In 1944, he became a teacher at the Free Institute of Tetouan. He participated in the founding of the Workers' Union affiliated to the Party of National Reform (PRN). He was elected to its Central Committee. Before Bennouna returned to the Spanish zone in 1945, he worked as a freelance journalist, editing the PNR's official newspaper. He appeared to be the PNR's largest media expert.

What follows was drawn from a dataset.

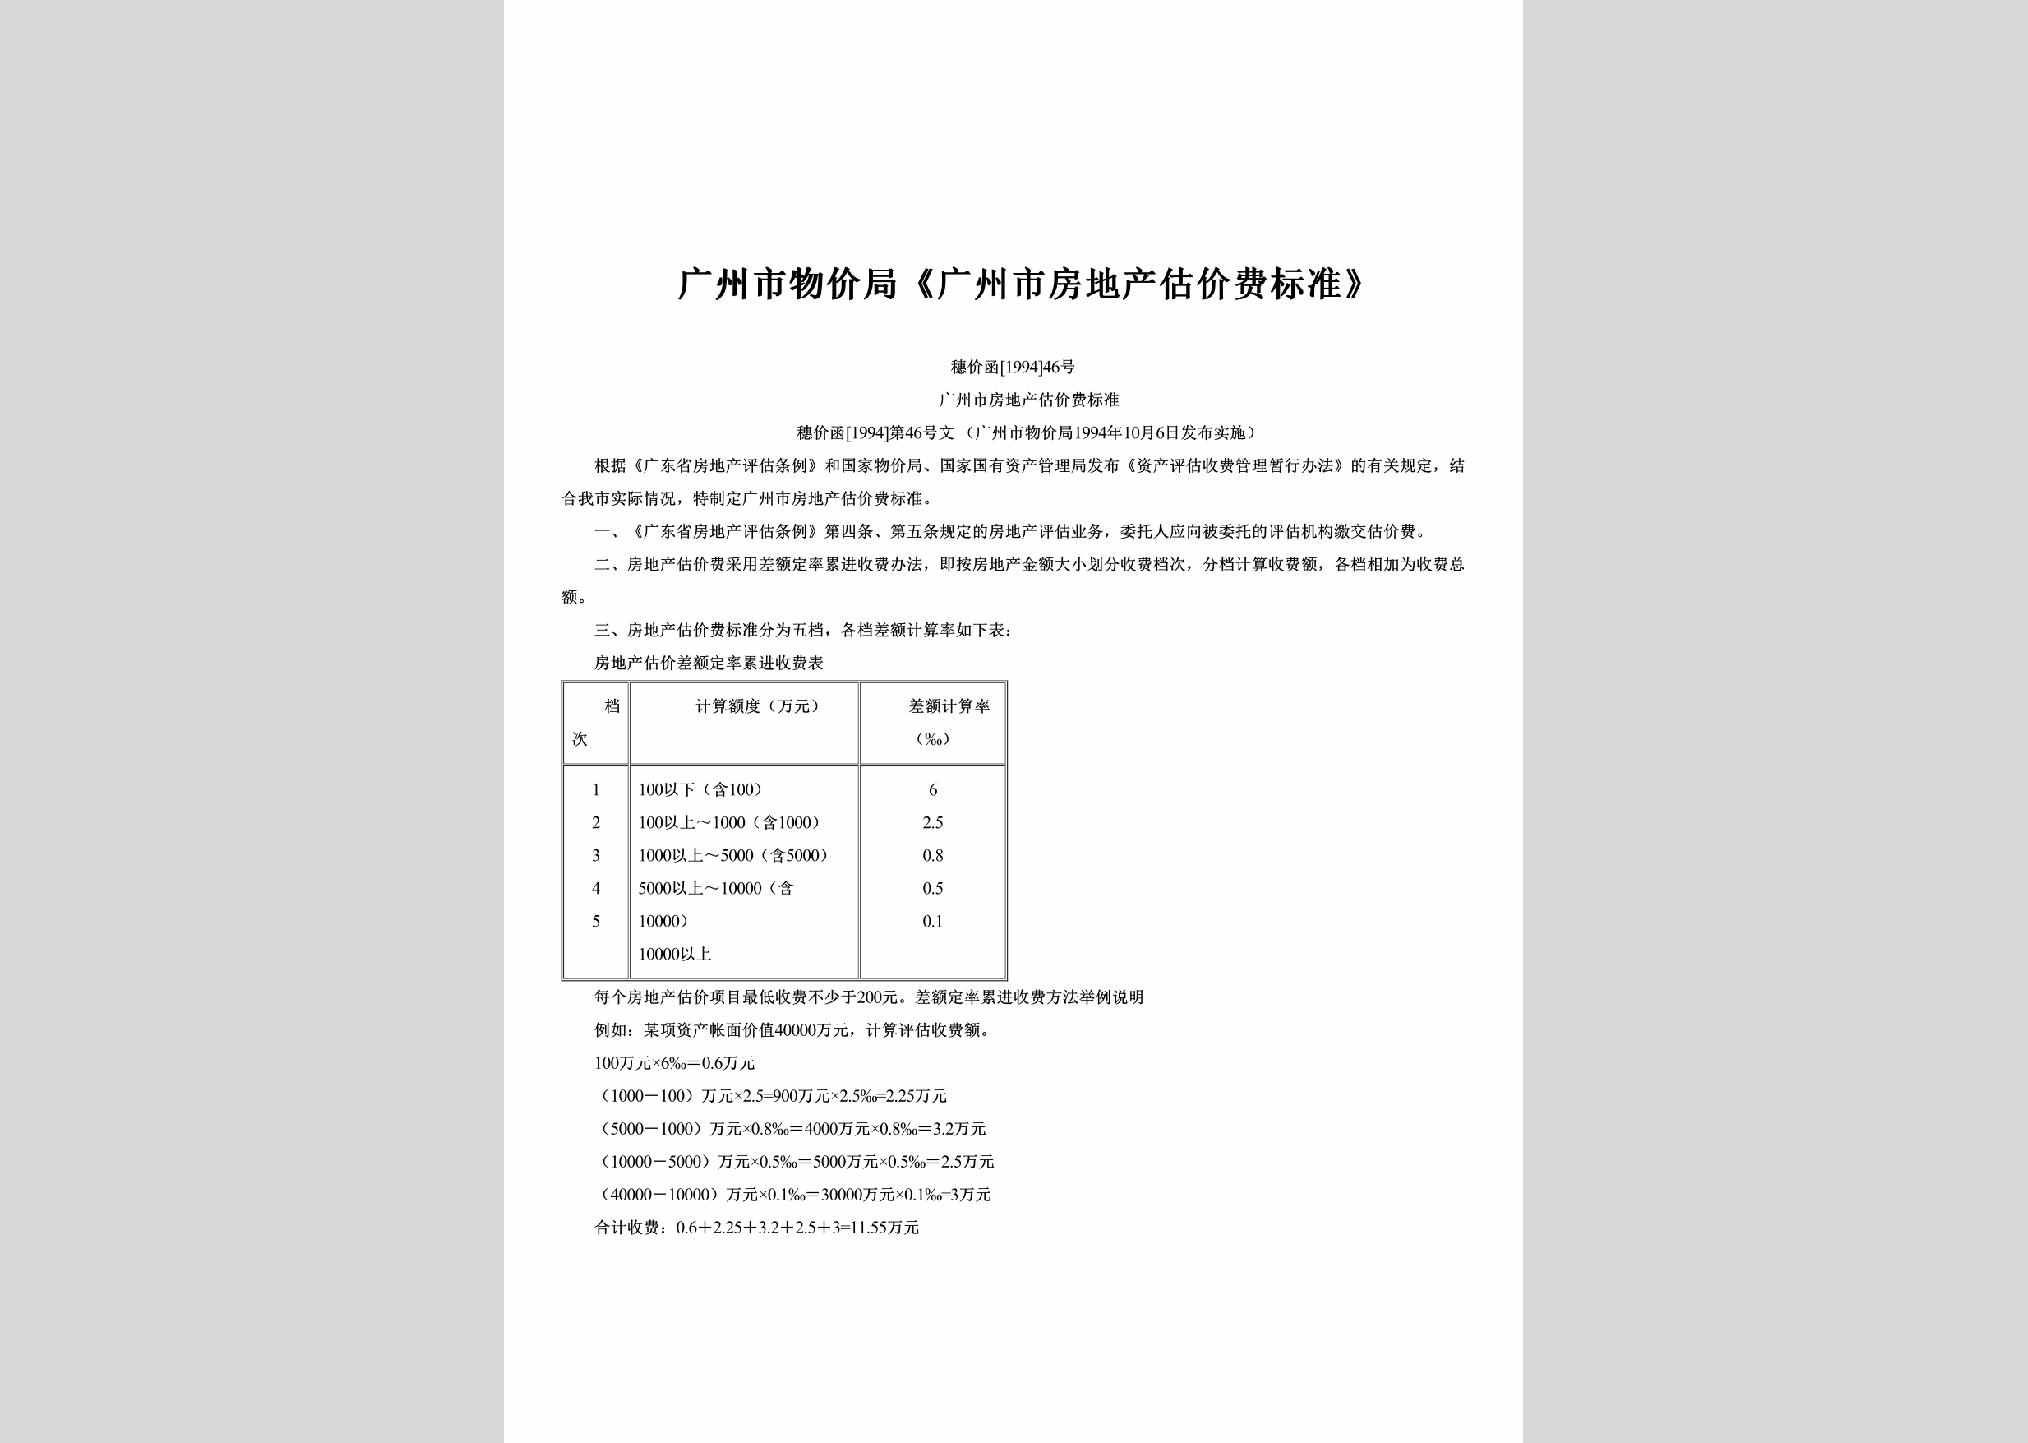 穗价函[1994]46号：《广州市房地产估价费标准》

In Tetouan in 1953, he directed the newspaper Al Oumma, organ of the PRN. Upon independence in 1956 he joined the Press Service of the Royal Cabinet of Mohammed V, including the preparation of the President's trip to New York in 1957. He launched Maghreb Arab Press (MAP) in 1959, a private agency that continued until 1975. It was nationalized in 1973. Between 1958 and 1962, he assisted in the creation of Tunisian (TAP), Libyan (JANA), Senegalese (APS), Malian (APA) and Algerian (APS) press agencies, and supervised the launch of the French news agency. (AIIC) of the Organization of the Islamic Conference in 1973–74.

=== Political career ===
In spite of the fact that Bennouna was not a diplomat by education, due to his outstanding intellectual capabilities and networking skills he became the first Moroccan representative in the United Nations. His nationalist credentials and familiarity with the workings of the mass media made him the ideal choice for the task at hand. This initiative led to the establishment of the Moroccan Office of Information and Documentation in Manhattan in 1952, through which Moroccan activists sought to build a network of support for their cause in the Western Hemisphere, despite facing significant cultural and linguistic barriers. He had the appearance of a modern professional and leadership experience. The appointment of Bennouna was especially important for the Moroccan independence movement. Bennouna had some practical insights regarding the anti-colonial struggle, and was seen as an important figure inside this struggle for independence. He stressed that the Moroccan nationalist movements needed the help of the Americans, in addressing the general public to overcome the considerable cultural barrier. Bennouna did so through submitting reports to the UN secetrary general, demanding Morocco's independence, which was picked up by several newspapers. Eminent diplomats would embrace Bennouna's activities at the United Nations. Bennouna also established tight contacts with Arab media representatives in New York. After Morocco gained its independence, Bennouna was appointed as press secretary of the royal cabinet by king Mohammed V.

== Publications ==
The Spanish authorities condemned his activism abroad for national independence. Upon his return to Morocco in 1948 he was prevented to enter his country, which forced him into exile. And certainly cruel on a personal level, his time in exile allowed Mehdi to write a book on the history of European colonialism in Morocco. "Our Morocco, The Story of a Just Cause" in 1951. The goal of this work was to influence the public opinion in supporting the Moroccan struggle for self-determination, and ultimately be heard by the United Nations. The nationalist press proudly printed excerpts from "the first book written by a Moroccan writer in English about the just cause of Morocco" and announced that it would be "widely distributed in all Asian, African, European, and American countries and at the UN. The writer Rom Landau personally supported Mehdi to edit the English version of his book.
His second book, Morocco .. The Critical Years, was published in 1989.

== Personal life ==
He married Khadija Slaoui on the 29th. They had four children.

He died in Rabat on March 23, 2010, and was buried in his hometown of Tetouan.